Das Gericht erkennt:

1.    In Gutheissung der Beschwerde wird die Verfügung der Sozialversicherungsanstalt des Kantons Zürich, IV-Stelle, vom 13. November 2013 aufgehoben, und es wird festgestellt, dass die Beschwerdeführerin weiterhin Anspruch auf eine Entschädigung wegen mittelschwerer Hilflosigkeit hat.

2.    Die Gerichtskosten von Fr. 700.-- werden der Beschwerdegegnerin auferlegt. Rechnung und Einzahlungsschein werden der Kostenpflichtigen nach Eintritt der Rechtskraft zugestellt.

3.    Die Beschwerdegegnerin wird verpflichtet, dem unentgeltlichen Rechtsvertreter der Beschwerdeführerin, Rechtsanwalt David Husmann, Zürich, eine Prozessentschädigung von Fr. 3085.30 (inkl. Barauslagen und MWSt) zu bezahlen.

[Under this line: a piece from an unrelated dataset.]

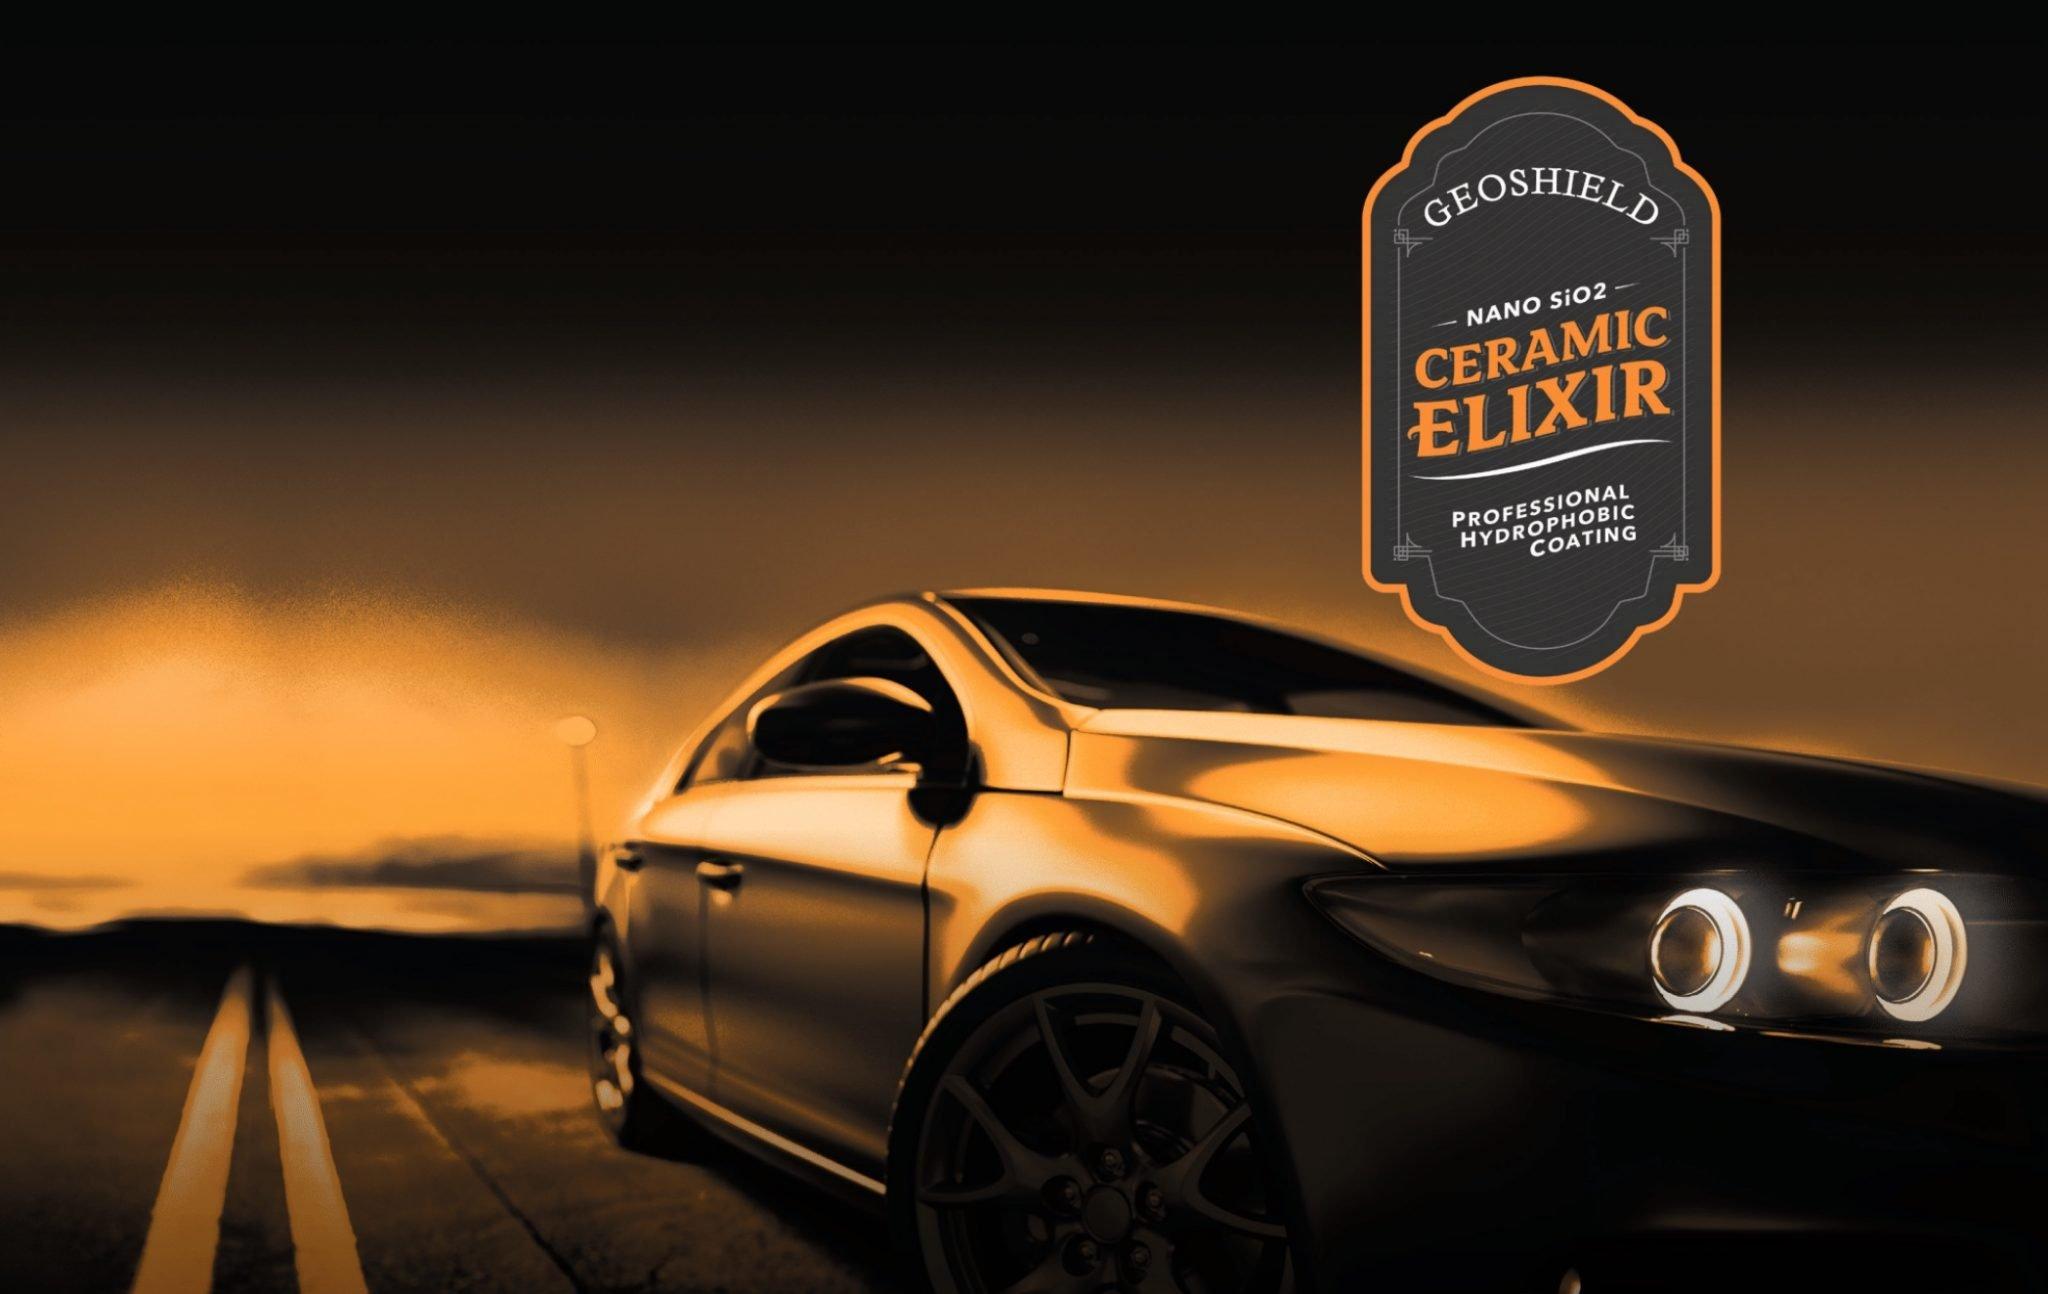 Geoshield Ceramic Elixir Coating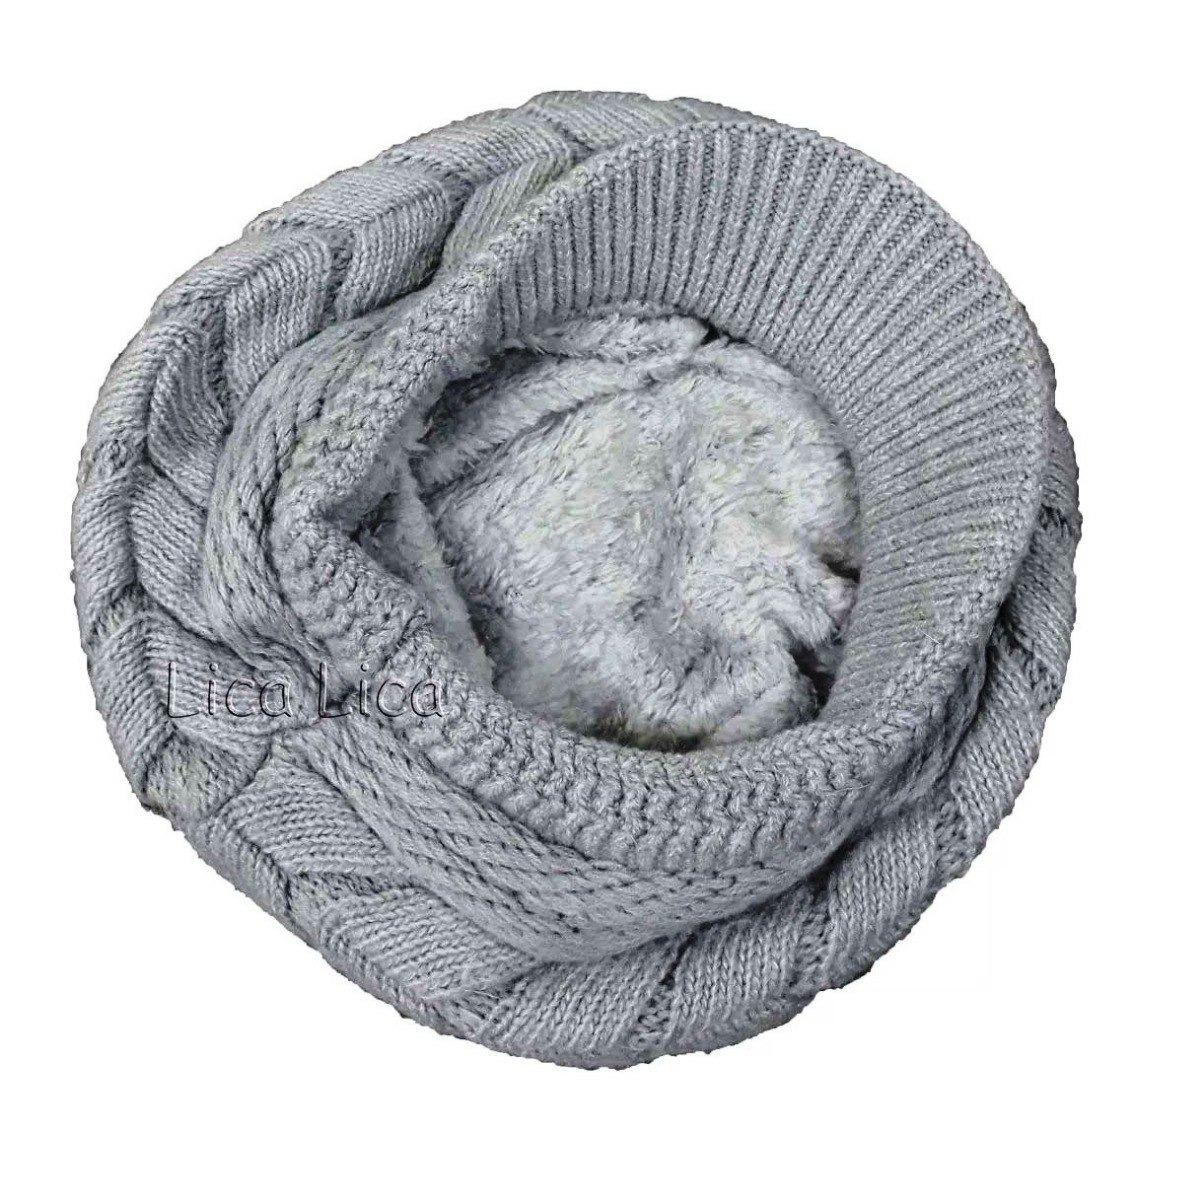 2b3927e61735f kit 10 boina feminina lã gorro touca trança aba tricô beanie. Carregando  zoom.

4.    Zustellung gegen Empfangsschein an:

- Rechtsanwalt David Husmann

- Sozialversicherungsanstalt des Kantons Zürich, IV-Stelle, unter Beilage einer Kopie von Urk. 19

- Bundesamt für Sozialversicherungen

sowie an:

- Gerichtskasse (im Dispositiv nach Eintritt der Rechtskraft)

5.    Gegen diesen Entscheid kann innert 30 Tagen seit der Zustellung beim Bundesgericht Beschwerde eingereicht werden (Art. 82 ff. in Verbindung mit Art. 90 ff. des Bundesgesetzes über das Bundesgericht, BGG). Die Frist steht während folgender Zeiten still: vom siebten Tag vor Ostern bis und mit dem siebten Tag nach Ostern, vom 15. Juli bis und mit 15. August sowie vom 18. Dezember bis und mit dem 2. Januar (Art. 46 BGG).

    Die Beschwerdeschrift ist dem Bundesgericht, Schweizerhofquai 6, 6004 Luzern, zuzustellen.

    Die Beschwerdeschrift hat die Begehren, deren Begründung mit Angabe der Beweismittel und die Unterschrift des Beschwerdeführers oder seines Vertreters zu enthalten; der angefochtene Entscheid sowie die als Beweismittel angerufenen Urkunden sind beizulegen, soweit die Partei sie in Händen hat (Art. 42 BGG).